Sylvia Plath’s ‘The Bell Jar’ promotes self-identity search
October 30, 2019
Whenever someone asks me for a book recommendation, usually my first response is “The Bell Jar” by Sylvia Plath, and when they ask why I tell them that if I had to pick a book that clearly renders the search for identity — which we all at some point chase — it would be this one.
The novel follows the main character, Esther Greenwood, and her descent into madness, as she loses herself within the deep labyrinths of her own mind. Plath constructs this character as a reflection of herself — a parallel to her life, classifying the book as semi-autobiographical. Both are riddled with feelings of inadequacy and self-doubt, living in a world where they just don’t conform to who society wants them to be. One part of her wants to be a writer, but the other, a mother and a wife.
Plath begins the novel with Esther in the city of New York working for a fashion magazine with other college students, but she feels like she doesn’t fit in with them and the glamorous atmosphere. After she leaves the city, Esther sinks down deeper into the abyss of madness and attempts to commit suicide on multiple occasions. She almost accomplishes this, but she is found and brought to the hospital in time. When she leaves the hospital she is brought to a ward where she receives electric shock therapy in an attempt to make her mind well again.
The symbolic bell jar entraps Esther throughout her life, preventing her from making new connections with the people around her and severing the ones that she had. It distorts the way she views herself, other people and the world around her; and when it is lifted it is liable to drop upon her again. Plath writes, “the bell jar hung, suspended, a few feet above my head,” for the moment, Esther can breathe the fresh air and see clearly, but realizes that it can possibly be an ephemeral state of mind and being.
Throughout the novel the reader sees that Esther has trouble recognizing herself, she doesn’t comprehend her own face in reflections — she is losing her identity. This loss of who she is plunges her deeper into depression and ultimately is what makes her devalue her life. The reader is shown the harsh realities of depression and how certain ideals set for women at the time (1950s) contributed to the way Esther saw herself.

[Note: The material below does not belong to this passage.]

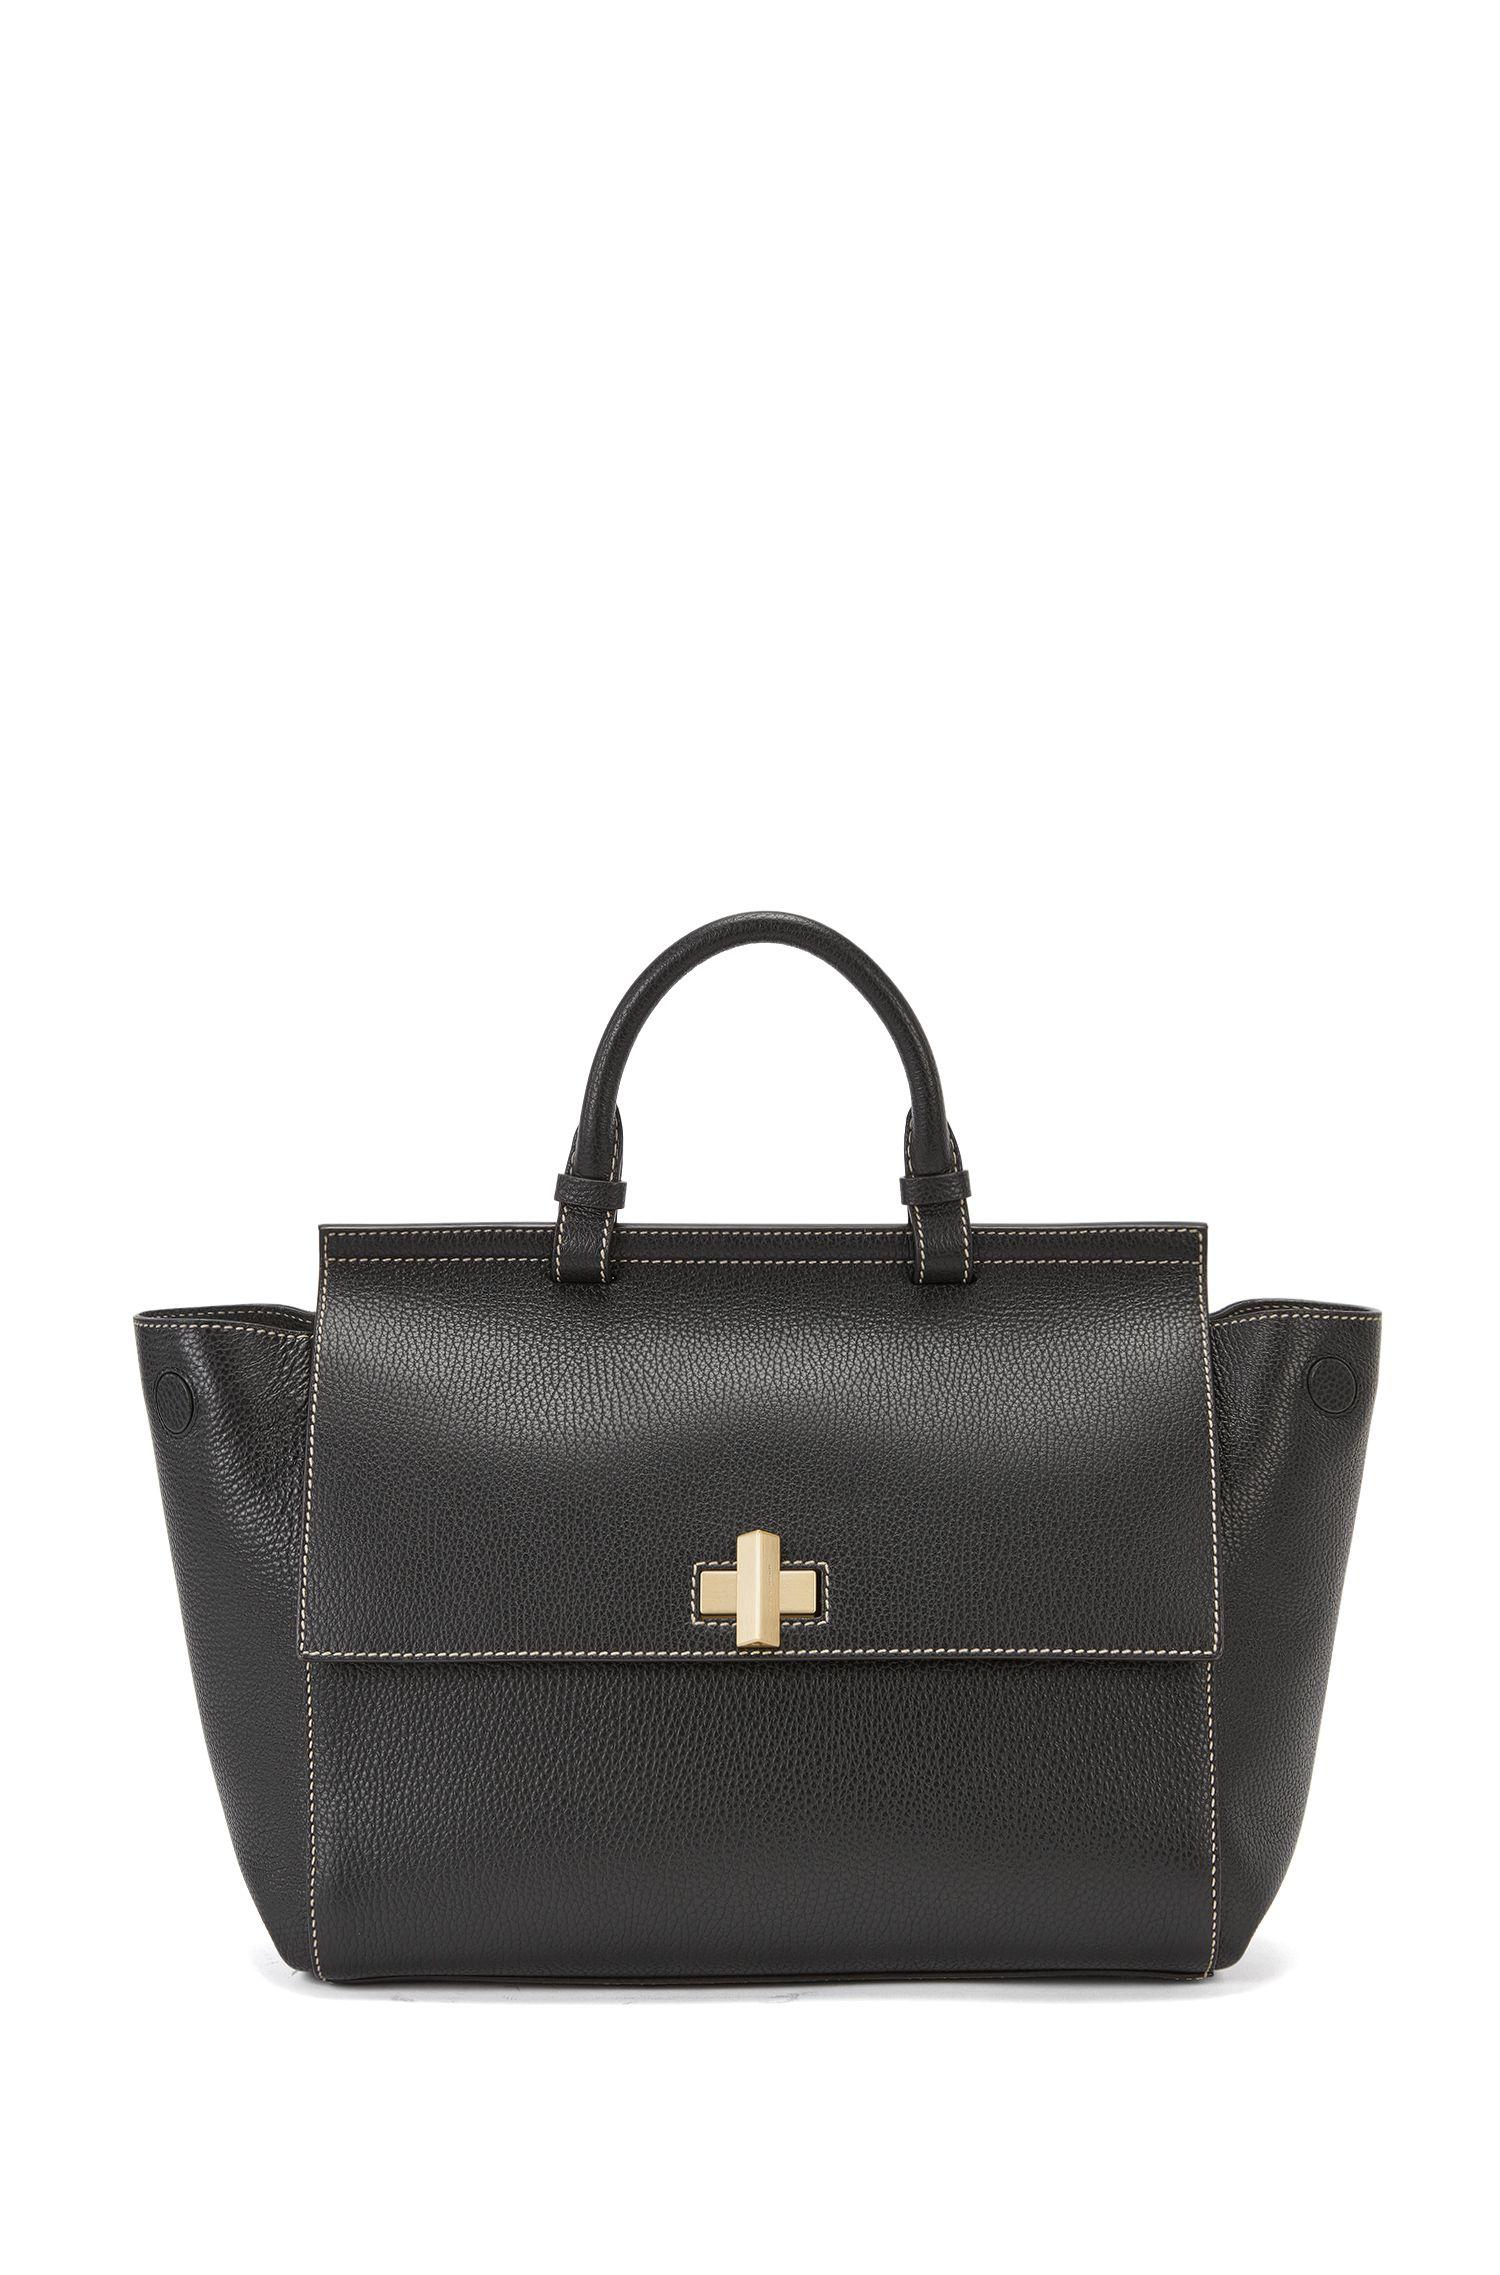 BOSS Bespoke Soft bag with signature cufflink detail

About one month after “The Bell Jar” was published, Sylvia Plath stuck her head in an oven and inhaled toxic gas, killing herself at the age of 30. She was suffocated by the metaphorical bell jar and decided to leave. Even today’s society has expectations for people that they cannot fulfill, and we can only hope that the bell jar stays suspended above us, but is there a way to shatter it?

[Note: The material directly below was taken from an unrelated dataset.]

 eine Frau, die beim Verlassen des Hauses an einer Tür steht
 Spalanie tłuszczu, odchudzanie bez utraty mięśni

Sylvia Plath was both a mother and a writer at the time of her suicide, she managed to break the unwritten rules of the rigid world and became a well-known poet and writer. Writers tend to reveal either the horrific or beautiful truths about life and what it means to be human, sometimes even both. Maybe these truths were too much for Plath. “To the person in the bell jar, blank and stopped as a dead baby, the world itself is the bad dream.”